DirectCD does NOT actually over write data on a CD-R, it simply removes the index/references to the data so that it appears to not be there anymore but the data actually does remain there. It can still be recovered using recovery software.

If you intend to use CD-R's for a project, and they contain sensitive or personal data then you shouldn't be using them, use discs that don't contain personal data such as old program CD's.


----------



## ouvidoria (Feb 18, 2012)

YesTriple6 and thank you again for the attention, I know this limitations but is the best possibility to do in this case with used CD-R "formating" with directcd or other tool that I dont know if exists another tool with this capabilities as directcd does or better than. But, unfortunately I dont have more de directcd.
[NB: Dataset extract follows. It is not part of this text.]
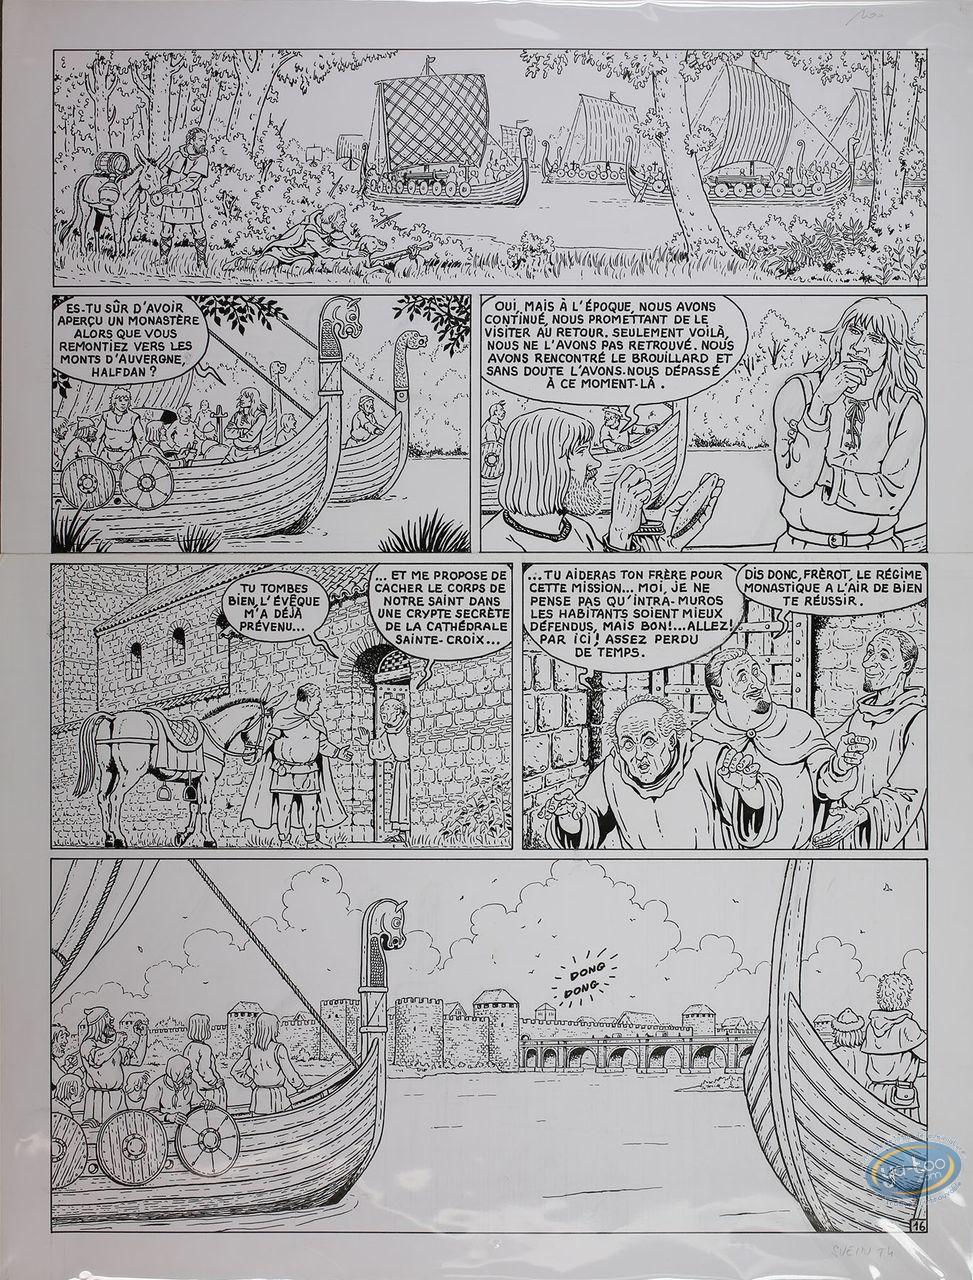 Originaux, Svein : Moi, Svein, compagnon d' Hasting, Planche 16

And there is no more for sale. Please, do you have a healthy link for download it. Best regards, ouvidoria... please...


----------



## DoubleHelix (Dec 10, 2004)

No, it's not the "best possibility". If you don't want to use the disks, break them and throw them away.


----------



## ouvidoria (Feb 18, 2012)

Ok DoubleHelix and thanks for the alert and I do respect different point of view as your, but may choice is to damage ("reformat") of the index/references. Can you help me in my option providing a healthy link to directcd tool ? Please and very thanks in advance, ouvidoria


----------



## DoubleHelix (Dec 10, 2004)

Your choice doesn't make any sense. 

There's no "healthy link" for the software. It's not free, and it's not sold any longer.


----------



## ouvidoria (Feb 18, 2012)

This is the challenger doublehelix, find somebody that can help or have it. Thanks again for your trying and lets wait for others with different experiencies and with a positive way, try to help catching up what I am looking for. Waiting other positive contributions. Thank you all in advance in catch up / find out somebody who does have a directcd for sale in any "garage". Please, anybody can help finding out DEIRECTCD software ? Ouvidoria.


----------



## Triple6 (Dec 26, 2002)

You cannot download the software, that would be illegal. It also won't work with Windows 7, its not compatible, so its pointless to have it with your computer. I gave you links to the new versions of this software from Roxio which is the company that made DirectCD.


----------



## ouvidoria (Feb 18, 2012)

Windows XP environment for directcd adaptec software. Just for information, roxio is the second company that incorporate directcd, after the aquisition from adaptec. Despite this is not the purpose, sorry. I need help to find DIRECTCD SOFTWARE compatible with windows xp or earlier. Thanks again in advance, but there is some misunderstanding of tryings to explain histories, laws, dates, functions, etc, despite the purpose of this topic is to find somebody who can locate DIRECTCD SOFTWARE, and not about explanations on the process because there is no doubt about process. Very thanks, but really who dont knows where I can find DIRECT CD software, please, there is no necessity to try to explain anything out of the topic or try to be negative in this challenger to find out a software that was descontinued. Please , I appologize if my poor english dont spell the object / purpose of this topic, but there is to many obvious contributions that dont aggregate anything for the claimed help to find out DIRECTCD software from adaptec or after creation of roxio. Very thanks in advance, please, somebody else who can help... best regards, sincery,


----------



## valis (Sep 24, 2004)

heyya ouvidoria, I've edited out your email addresses; you don't want to put your email on open forums, as that is just asking for spambots to pick you up.

thanks, 

v


----------



## valis (Sep 24, 2004)

As for the language barrier, I think you are missing the fact that the software you are looking for no longer exists. Both Doublehelix and Triple6 have given you the links to the software that has replaced it; is that what you are looking for?


----------